No such luck. This film is a reasonably competent rehash of the same incident, with a little more attention given to the divisions, ideological and personal, between the hijackers, two of whom were Germans from a left wing revolutionary cell, played in the film by Rosamund Pike and Daniel Bruhl. The concern of the Germans was that they should not be viewed as fascists, or Nazis, wanting to torture and kill Jews, but be seen instead as liberators of Palestinians, oppressed in their own homeland. But such was their sense of guilt from the Nazi period of German history, that the German hijackers were kinder to the hostages than their Palestinian brothers in arms, who had personally suffered from Israeli persecution. As a result, the film implies, there was a conflict of interest: the team was a little lax in their approach and did not anticipate the dramatic rescue by the Israelis in ‘Operation Entebbe’.
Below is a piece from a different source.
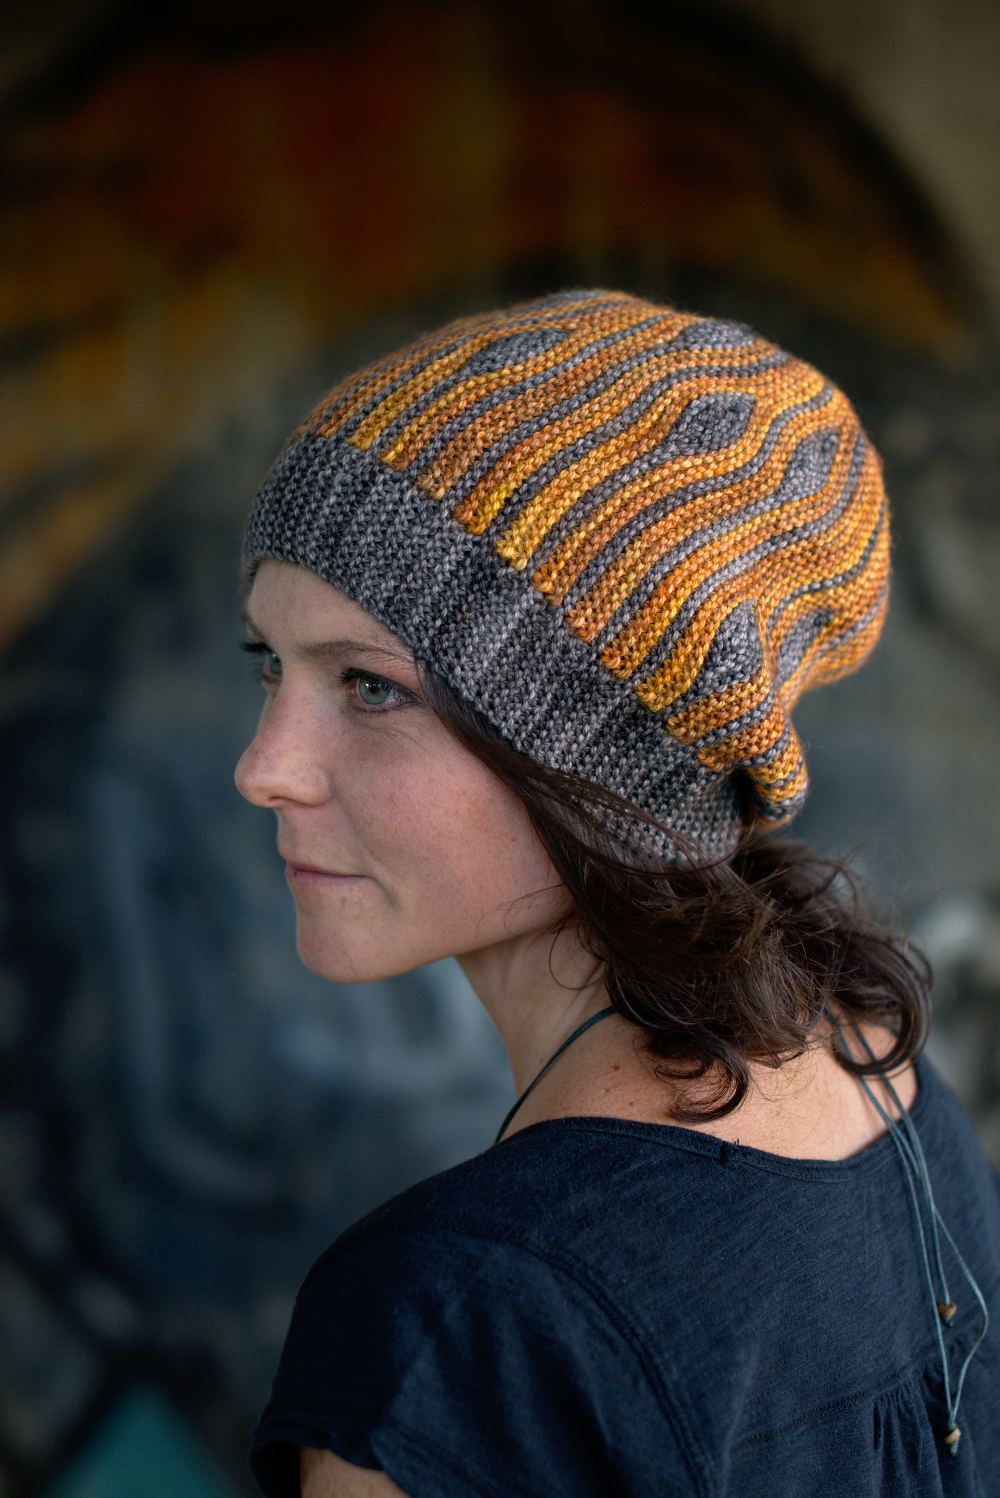 Korra sideways knit short row colourwork hand knitted Hat pattern

Also, after the passing of four decades, one would have liked to see a more objective historical perspective on the Entebbe operation, and to question if it was actually as outstanding a military raid as Israeli and American propaganda, and the three previous movies made on it, make it out to be. The military dictator of Uganda, Idi Amin, played here by Nonso Anozie, who allied himself with the hijackers and facilitated their activities, was not a great political strategist and was regarded as crazy and unpredictable. At his airport he had outdated Soviet airplanes that were ineffectual and were easily destroyed by the commandos. The Ugandan guards were not well trained and it took just 90 minutes for them to be overpowered, for the hijackers to be separated and killed, and for the passengers to be rescued.
Moreover, the film makes the eccentric cinematic decision to intercut a dance performance by a troupe in Jerusalem, with the rescue mission. This ends up as hugely distracting from the drama and action in the final climactic scenes. The beat of the rhythmic music from the dance, and the visuals of the energetic movements of the dancers, virtually edits the climax of ‘7 Days in Entebbe’, jumbling the sequence of events entirely in the audience’s minds.
This film is disappointingly executed and looks historically repetitive and dated, even while you watch it.